Fig. A1.1.4 The Landsat GCVI time series (blue line) and fitted harmonic regression (red line) curve visualized at a corn point in McLean County, Illinois. While the fit is not perfect, the fitted harmonic captures the general characteristics of crop green-up and senescence.

Before we move on to classifying crop type, we will add CDL as a band to the harmonics and export the final image as an asset. Recall that CDL will be the source of crop type labels for model training; adding this band now is not necessary but makes the labels more accessible at training time.
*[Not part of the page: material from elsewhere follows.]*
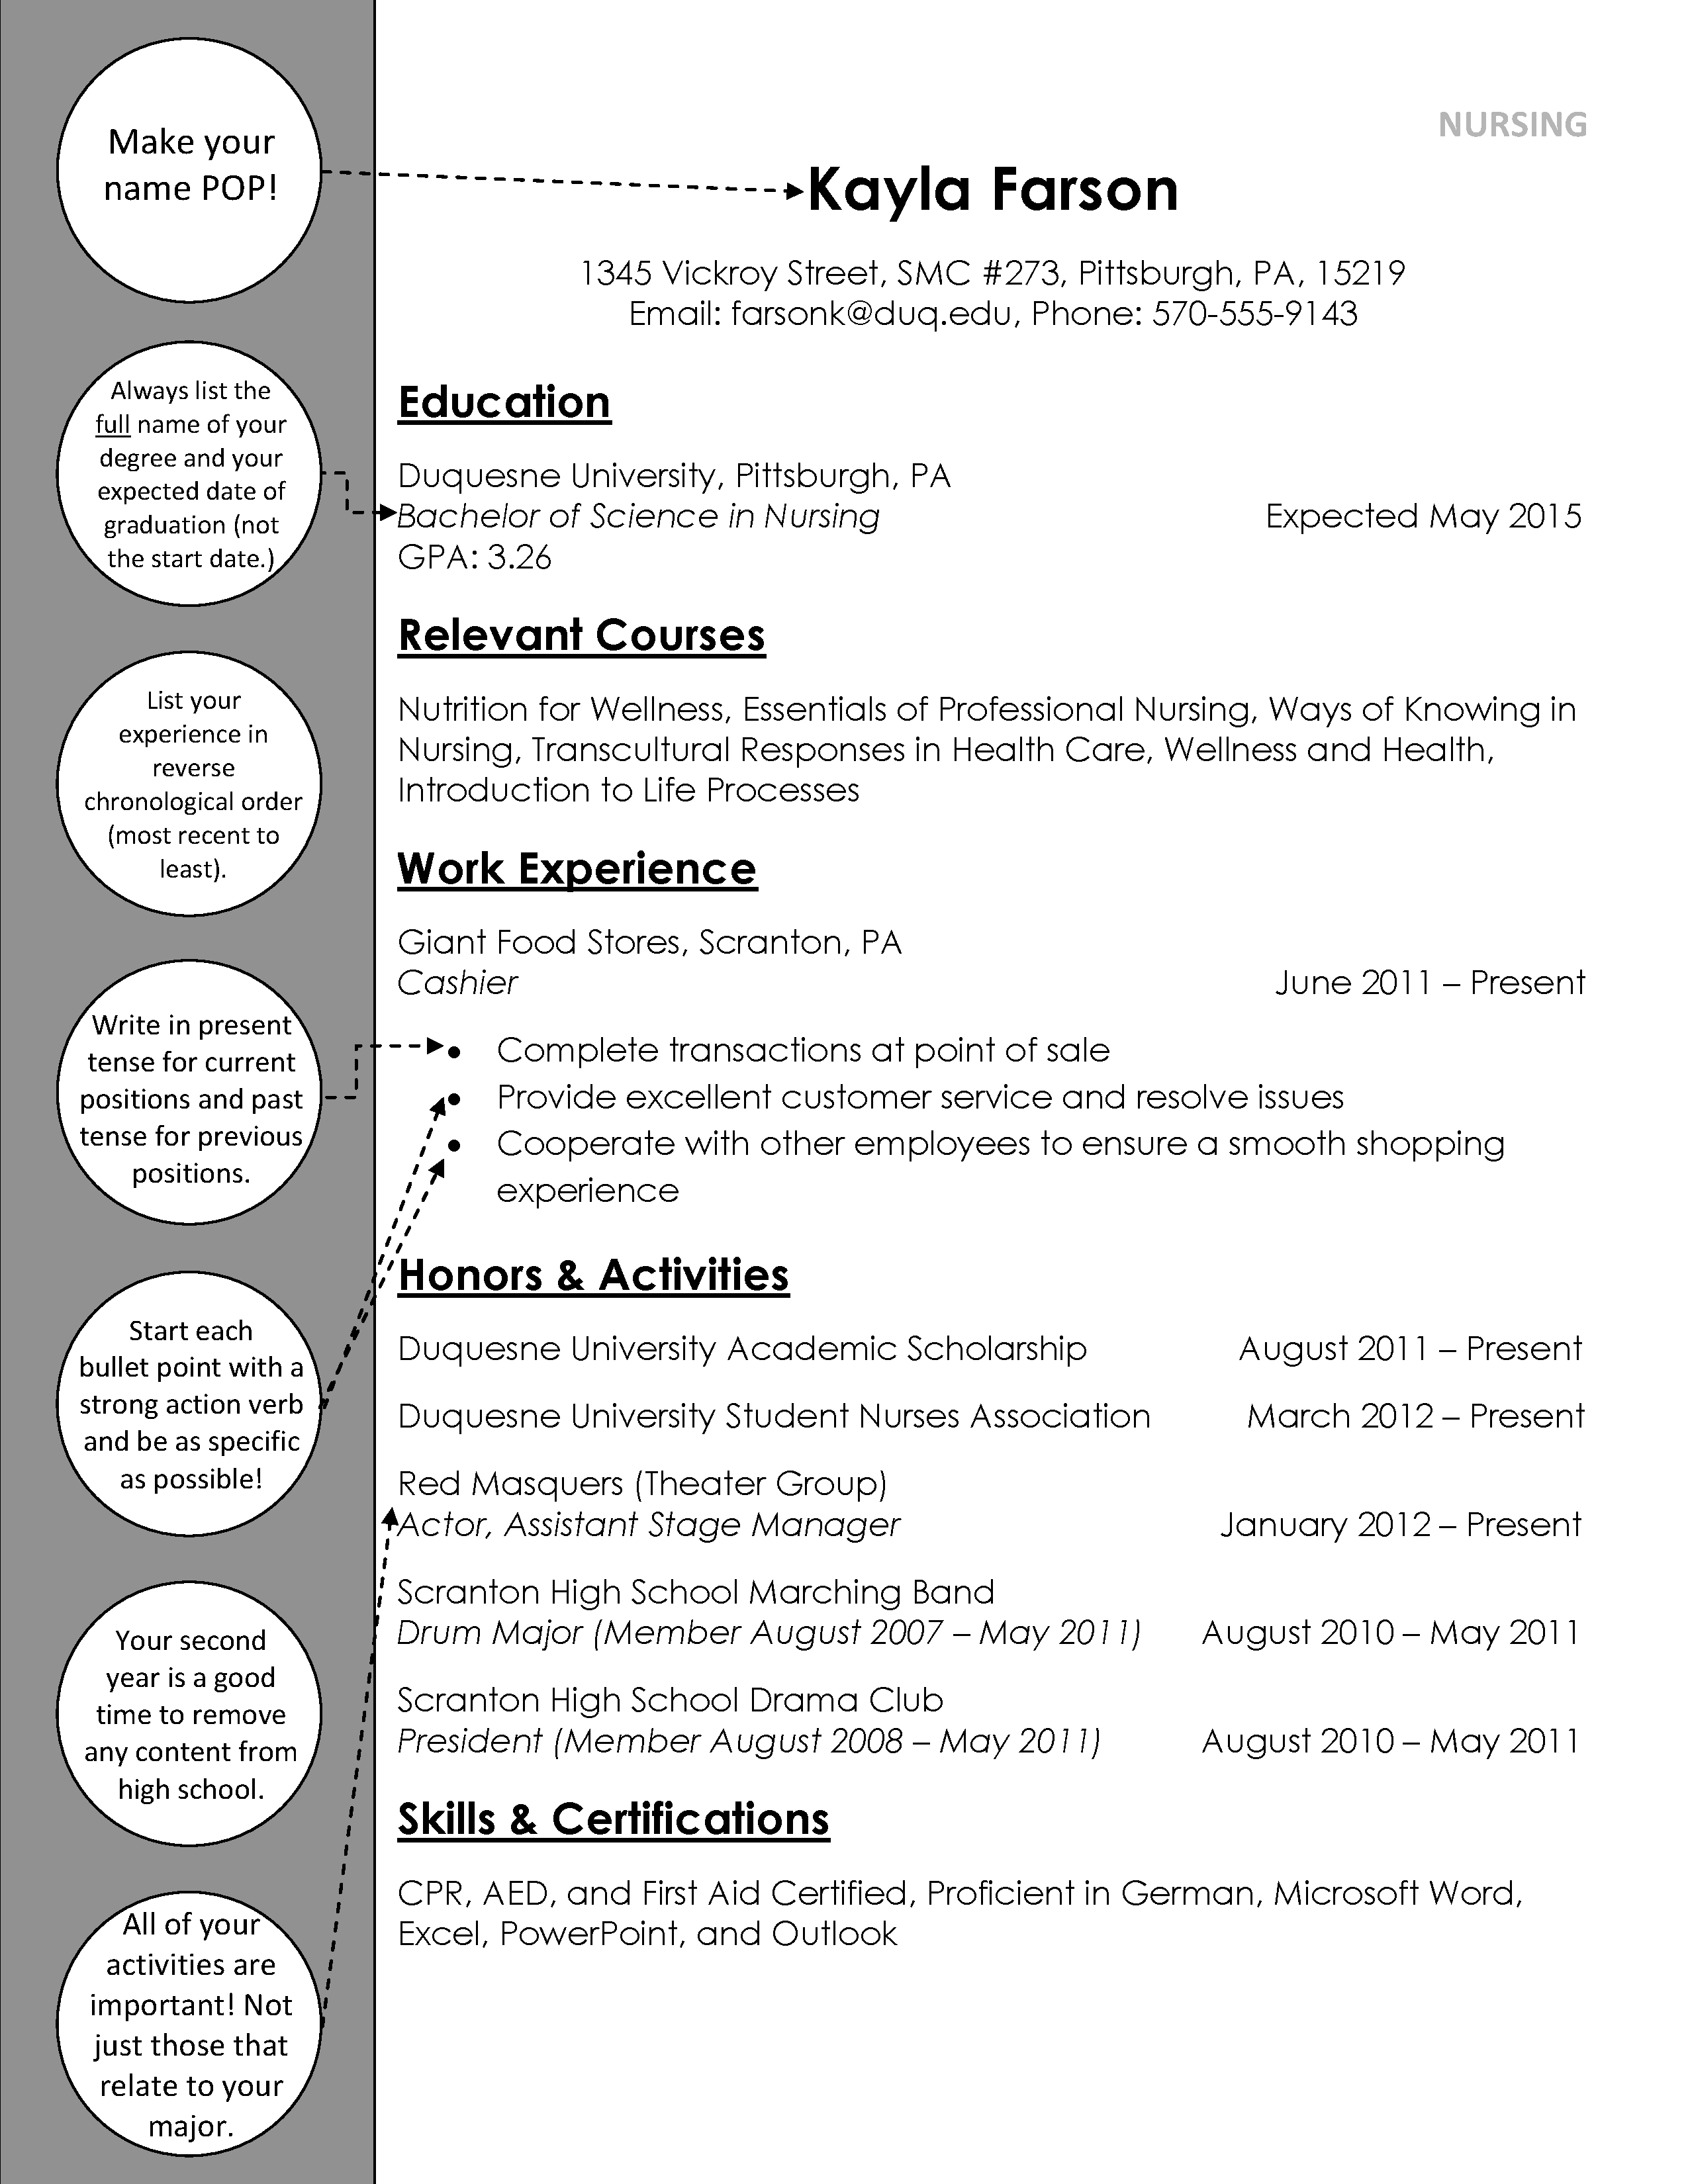 Nursing Underclass Resume Duquesne Resume & Cover Letter

// Add CDL as a band to the harmonics.
var harmonicsPlus=ee.Image.cat([harmonics, cdl]);

We are ready to export the harmonics we’ve computed to an asset. Exporting to an asset is an optional step but can make it easier in the next step to train a model. For a larger study area, the operations may time out without the export step because computing harmonics is computationally intensive. You should replace 'your_asset_path_here/' and filename below with the place you want to save your harmonics.

// Export image to asset.
var filename='McLean_County_harmonics';
Export.image.toAsset({
   image: harmonicsPlus,
   description: filename,
   assetId:
'your_asset_path_here/' + filename,
   dimensions:
null,
   region: region,
   scale:
30,
   maxPixels:
1e12
});

We visualized the fitted harmonics at one point in the study area; let’s also take a look at the coefficients over the entire study area using Map.addLayer. Since we can only visualize three bands at a time, we will have to pick three and visualize them in false color. Sometimes, it takes a bit of tweaking to visualize regression coefficients in false color; below, we transform three fitted GCVI bands via division and addition by constants (obtained through trial and error) to obtain a nice image for visualization.

// Visualize harmonic coefficients on map.
var visImage=ee.Image.cat([
   harmonics.
select('3_GCVI_cos').divide(7000).add(0.6),
   harmonics.
select('3_GCVI_sin').divide(7000).add(0.5),
   harmonics.
select('3_GCVI_constant').divide(7000).subtract(
       
0.6)
]);

Map.addLayer(visImage,{
   min:
-0.5,
   max:
0.5
},
'Harmonic coefficient false color');

Fig. A1.1.5 False-color image of harmonic coefficients fitted to GCVI time series in McLean County, Illinois

These harmonic features allow us to see differences between urban land cover, water, and what we are currently interested in, crop types. Looking closely at the false-color image shown in Fig. A1.1.5, we can also see striping unrelated to land cover throughout the image. This striping, most visible in the bottom right of the image, is due to the failure of Landsat 7’s Scan Line Corrector in 2003, which resulted in data gaps that occur in a striped pattern across Landsat 7 images. It is worth noting that these artifacts can affect classification performance, but exactly how much depends on the task.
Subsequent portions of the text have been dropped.